The cell varies from simple prokaryotes to humans, who have around 30 trillion cells, with 84% of these being red blood cells (Sánchez Amador, 2021). They all share functions such as nourishing, growing, multiplying, differentiating, signaling, recognizing the environment (chemotaxis), and evolving, which implies changes in their genome. The cellular structure highlights the presence of DNA in chromosomes, either free (prokaryotes) or in a nuclear membrane (eukaryotes), essential for protein synthesis, constituting 80% of dehydrated cellular protoplasm. Through processes of transcription and translation, genetic information is transformed into chains of amino acids, the fundamental units of proteins. For proper functioning, according to Sánchez Amador (2021), the cell maintains internal balance, regulated by the plasma membrane and accessory structures, ensuring its integrity and adaptation to the environment.



What is the Cell Wall?

The extracellular matrix surrounding all plant cells and also present in most prokaryotes, fungi, and other organisms considered "evolutionarily simple" is known as the cell wall (Sánchez Amador, 2021). This structure is located externally to the plasma membrane (Rivera Díaz, 2023). Despite its name suggesting an impenetrable barrier, Zita Fernandez (2018) mentions that the cell wall is characterized by its dynamism, playing a crucial role in cell relationships with its environment.

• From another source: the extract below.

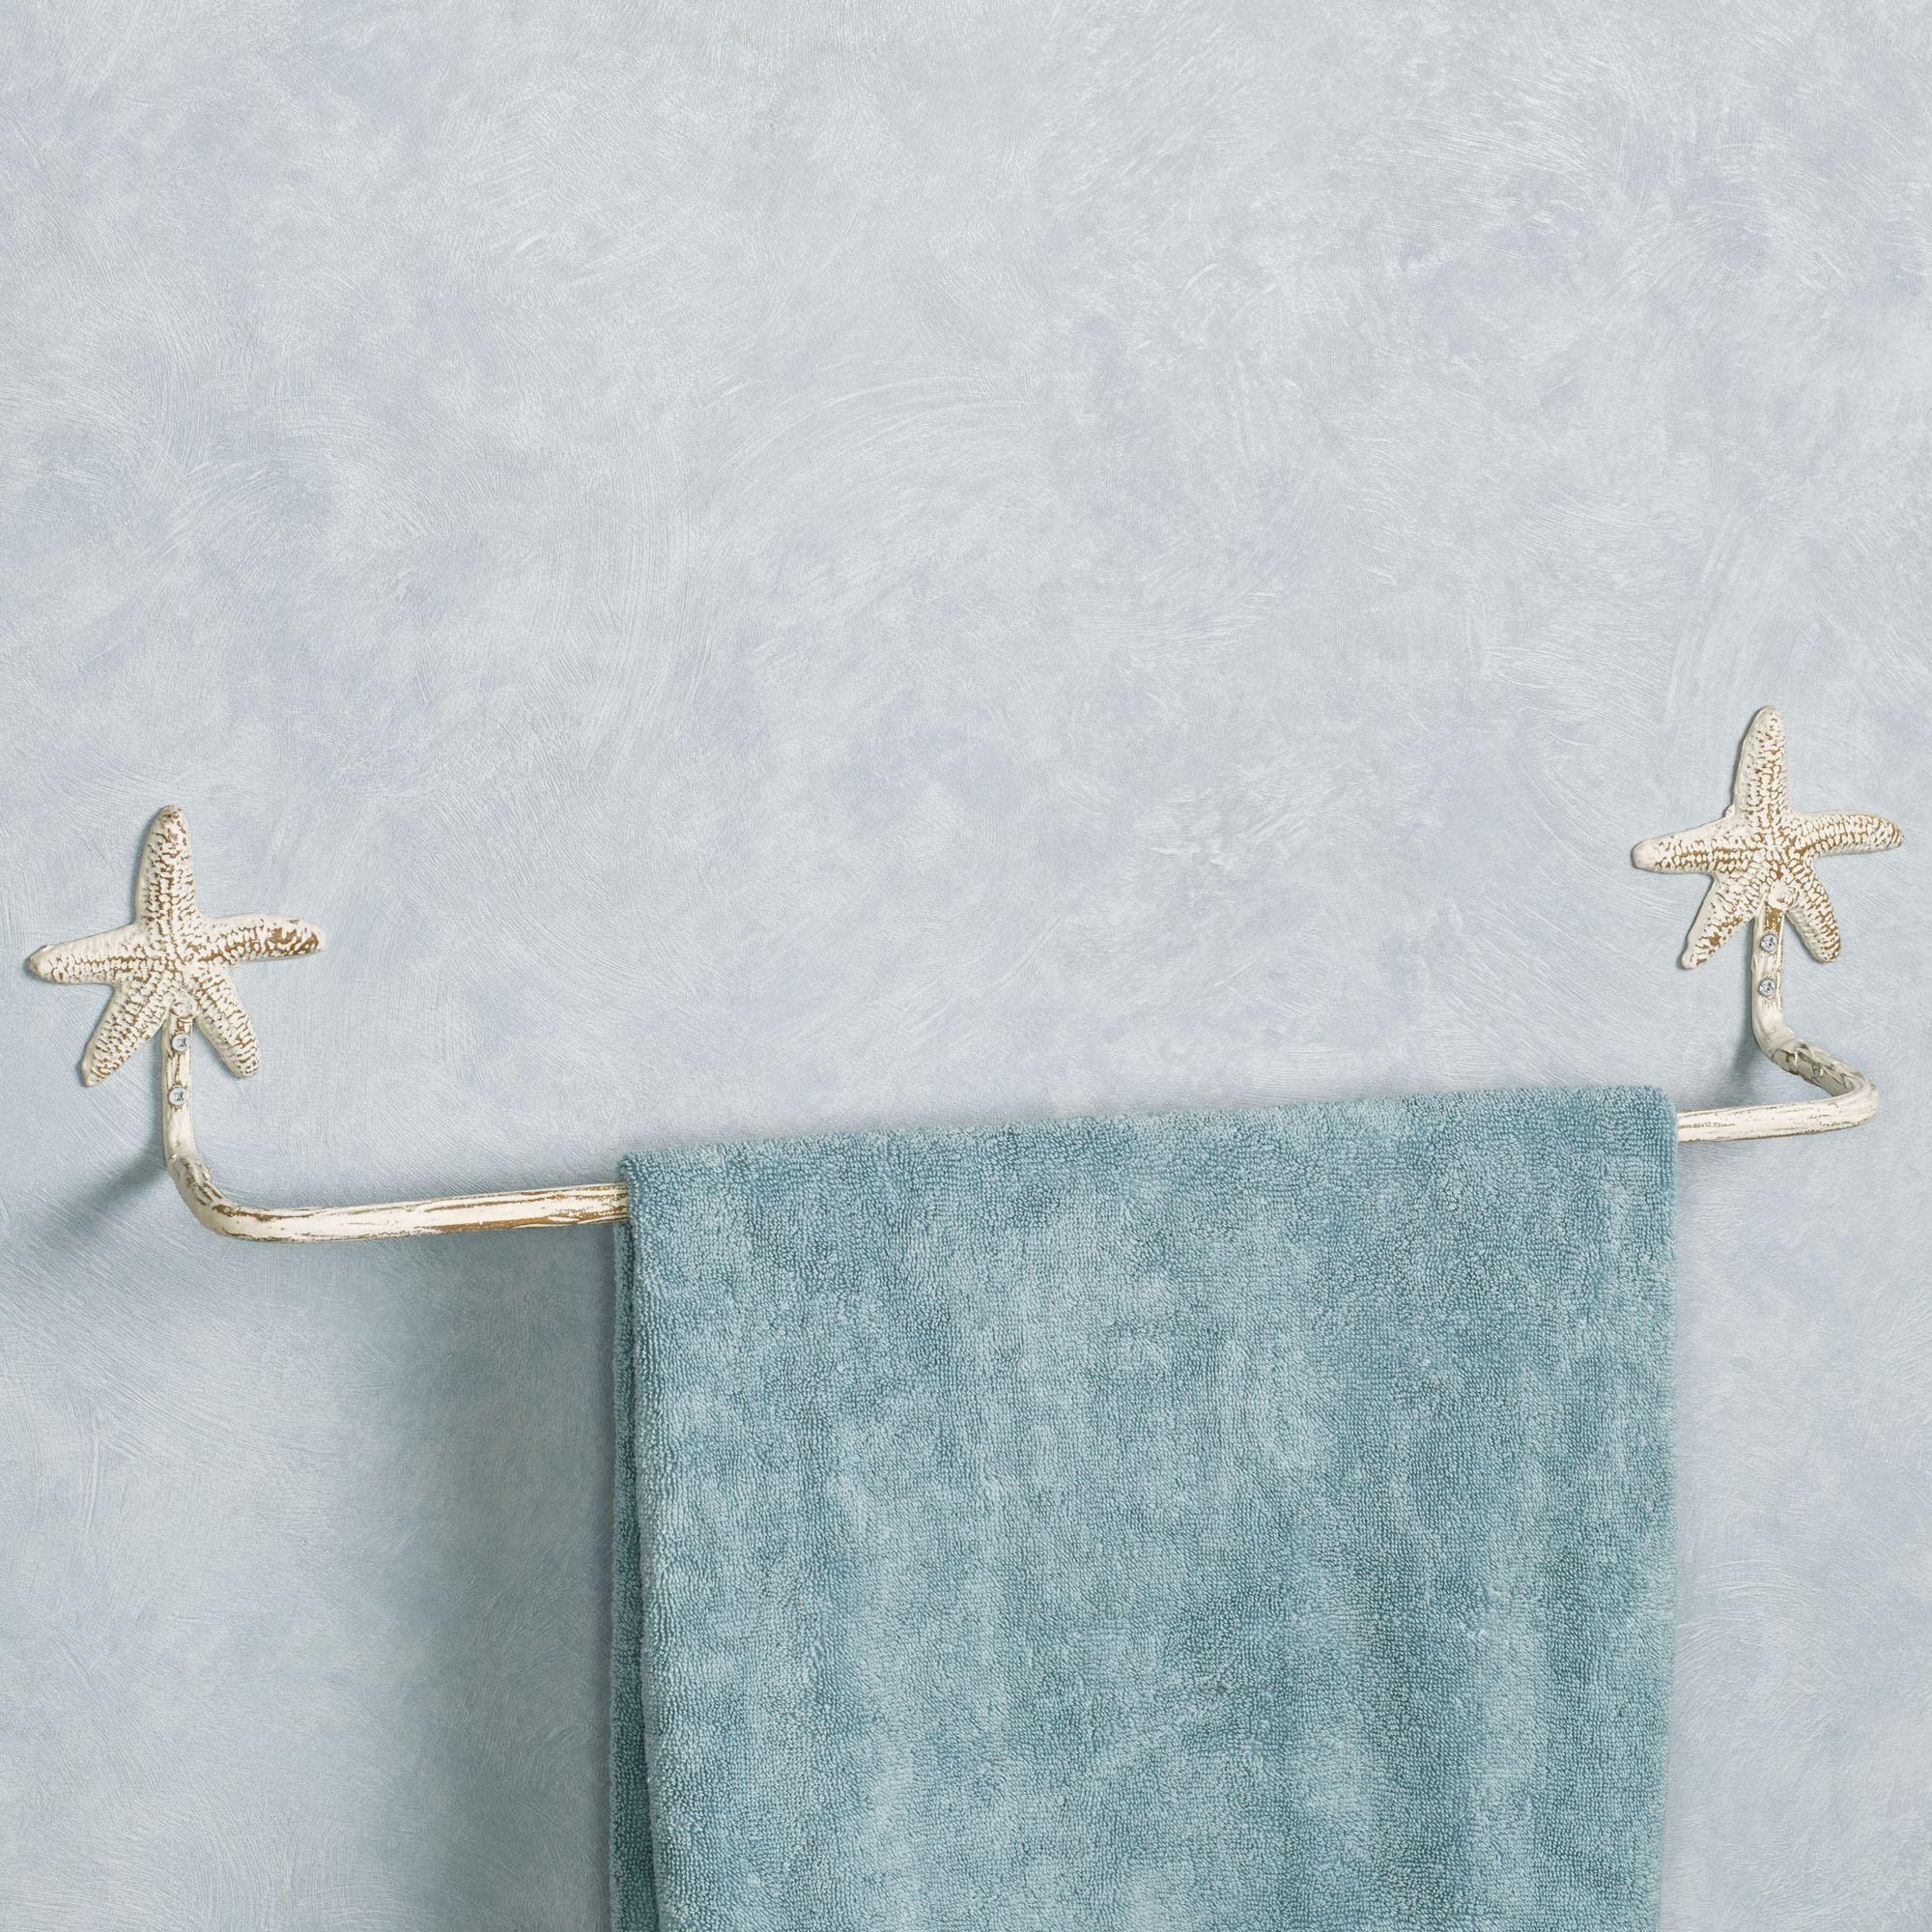 Starfish Coastal Bath Wall Accents

Cell Membrane vs. Cell Wall

The main difference between these two structures lies in the fact that the cell membrane is formed by two layers of phospholipids and proteins (Rivera Díaz, 2023). This structure delimits cells to safeguard their content from the external environment. In contrast, the cell wall is a characteristic structure of plant cells, offering robust structural support and additional protection. According to Rivera Díaz (2023), the cell wall is considerably more rigid than the cell membrane.



The Cell Wall: Support, Regulation, and Protection

The cell wall plays multiple functions and pursues various objectives (Rivera Díaz, 2023). It is essential for providing structural support, confining and delimiting cellular space, contributing to cellular stability (Rivera Díaz, 2023). Additionally, it plays a crucial role in maintaining internal cellular pressure, regulating the concentration of dissolved substances that influence water entry through the cell membrane (Zita Fernandes, 2018). The absence of the cell wall would lead the cell to swell uncontrollably, even leading to bursting. Moreover, it acts as a protective shield by controlling the entry of external agents that could damage the cell, being crucial for organism interaction with its environment (Zita Fernandes, 2018). Its role in signaling and defense is crucial for cellular communications and signaling mechanisms (Rivera Díaz, 2023). According to Rivera Díaz (2023), fewer defense mechanisms are activated in case of rupture.



Plant Cell Wall

The cell wall of plants is widely recognized, commonly used as the main distinction between Animalia and Plantae kingdom cells (Sánchez Amador, 2021). Outside the plasma membrane of the plant cell is a cell wall mainly composed of cellulose and pectin (Zita Fernandes, 2018). According to Sánchez Amador (2021), the most crucial function of this extracellular matrix is to sustain the osmotic pressure of the cellular environment, which arises due to concentration differences between the internal and external milieu.

When the extracellular environment is hypotonic, meaning it has a lower solute concentration than the cell, water enters the cell, resulting in swelling or turgor (Sánchez Amador, 2021). Chemically, the cell seeks to reach equilibrium between the hypotonic external solution and its hypertonic cytoplasm, so that both become isotonic through fluid exchange. Without the cell wall, capable of resisting pressures several times higher than atmospheric pressure, plant cells would swell due to water entry and eventually burst. According to Sánchez Amador (2021), to withstand these pressures, the cell wall must be strong and rigid.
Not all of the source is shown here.